In fact, it is very simple to use these new functions. You only need to obtain this information through an HTTP
GET
request and the standard query string method. The endpoint
URL that provides the search function is /bbs/{看板名稱}/search
. Just use the corresponding query to get the search results from here. First, take the title keyword as an example,
As can be seen from the lower right corner of the picture, when searching, a GET
request with q=三
is actually sent to endpoint
, so the entire complete URL should be like https://www.ptt.cc/bbs/movie/search?q=三
, the URL copied from the address bar may be in the form https://www.ptt.cc/bbs/movie/search?q=%E4%B8%89
because the Chinese has been HTML encoded but Represents the same meaning. In requests
, if you want to add additional query parameters, you don’t need to manually construct the string form yourself. You only need to put them into the function parameters through dict() of param=
, like this:
search_endpoint_url = 'https://www.ptt.cc/bbs/movie/search'
resp = requests . get ( search_endpoint_url , params = { 'q' : '三' })
When searching for the same article (thread), you can see from the information in the lower right corner that you actually string the string thread:
in front of the title and send the query.
resp = requests . get ( search_endpoint_url , params = { 'q' : 'thread:[ 好雷] 死侍2的各種彩蛋討論' })
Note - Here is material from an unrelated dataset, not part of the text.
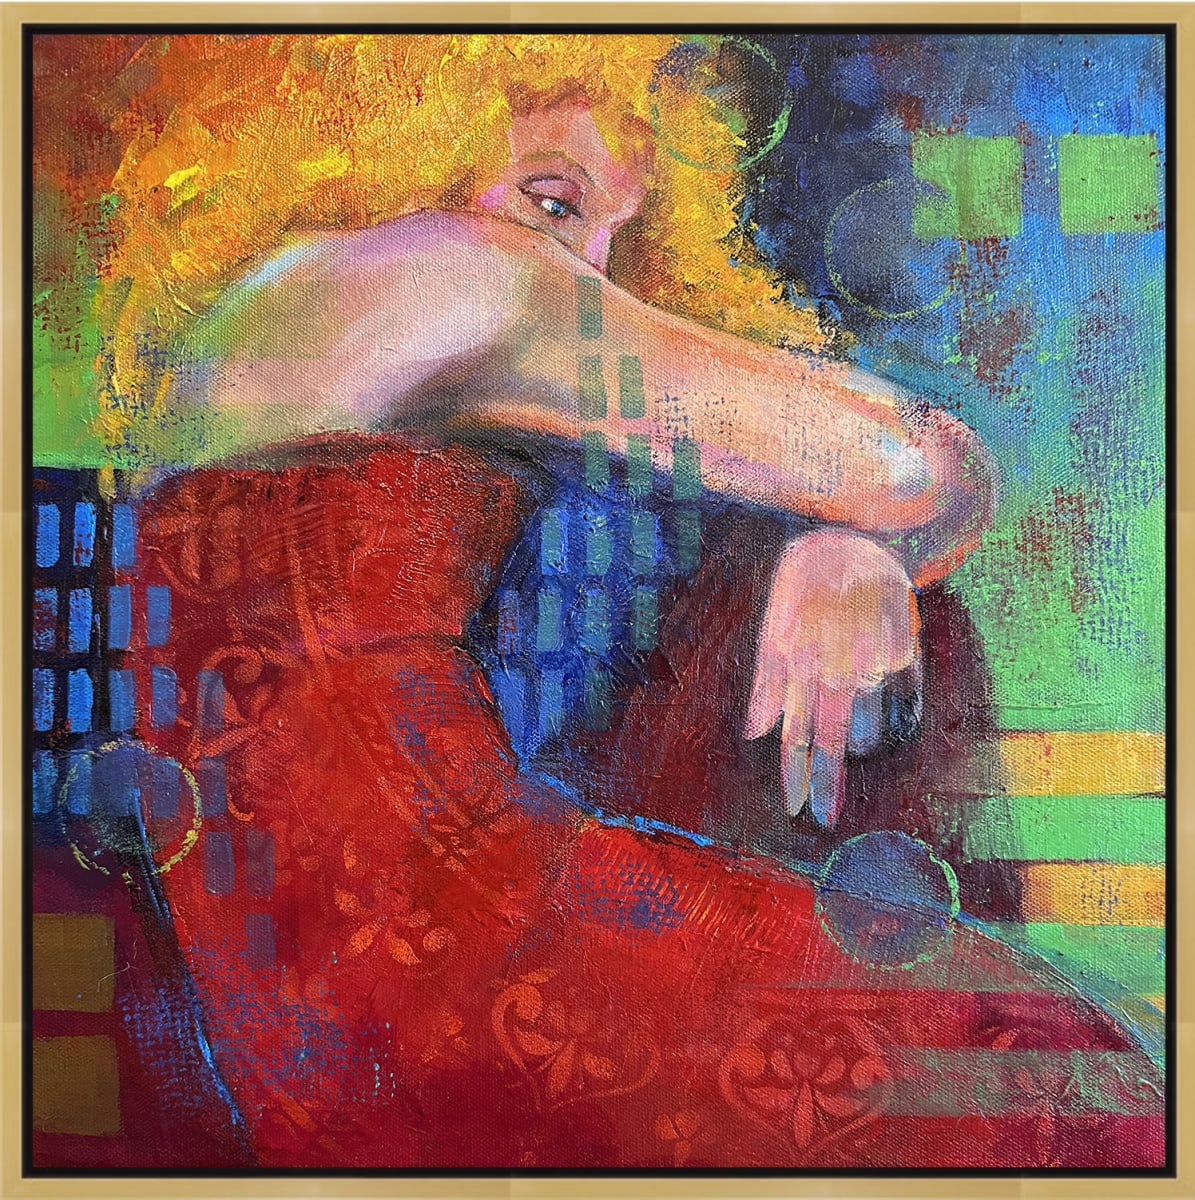 Lady in Red by Phyllis Mantik deQuevedo  Image: Lady in Red

When searching for articles with the same author (author), it can also be seen from the information in the lower right corner that author:
string is concatenated with the author's name and then the query is sent.
resp = requests . get ( search_endpoint_url , params = { 'q' : 'author:rogerwang86' })
When searching for articles with a number of tweets greater than (recommend), string the string recommend:
with the minimum number of tweets you want to search and then send the query. In addition, it can be found from the PTT Web server source code that the number of tweets can only be set within ±100.
resp = requests . get ( search_endpoint_url , params = { 'q' : 'recommend:50' })
PTT Web parsing function source code of these parameters
It is also worth mentioning that the final presentation of the search results is the same as the general layout mentioned in the basics, so you can directly reuse the previous functions. Don't do it again!
resp = requests . get ( search_endpoint_url , params = { 'q' : 'recommend:50' })
post_entries = parse_article_entries ( resp . text ) # [沿用]
metadata = [ parse_article_meta ( entry ) for entry in post_entries ] # [沿用]
There is another parameter in the search. The number of page
is just like Google search. The searched thing may have many pages, so you can use this additional parameter to control which page of results you want to get without having to parse. link on the page.
resp = requests . get ( search_endpoint_url , params = { 'q' : 'recommend:50' , 'page' : 2 })
Integrating all the previous functions into ptt-parser can provide command-line functions and爬蟲
in the form of APIs that can be called programmatically.
scrapy
to stably crawl PTT data.
This work was produced by leVirve and is released under a Creative Commons Attribution 4.0 International License.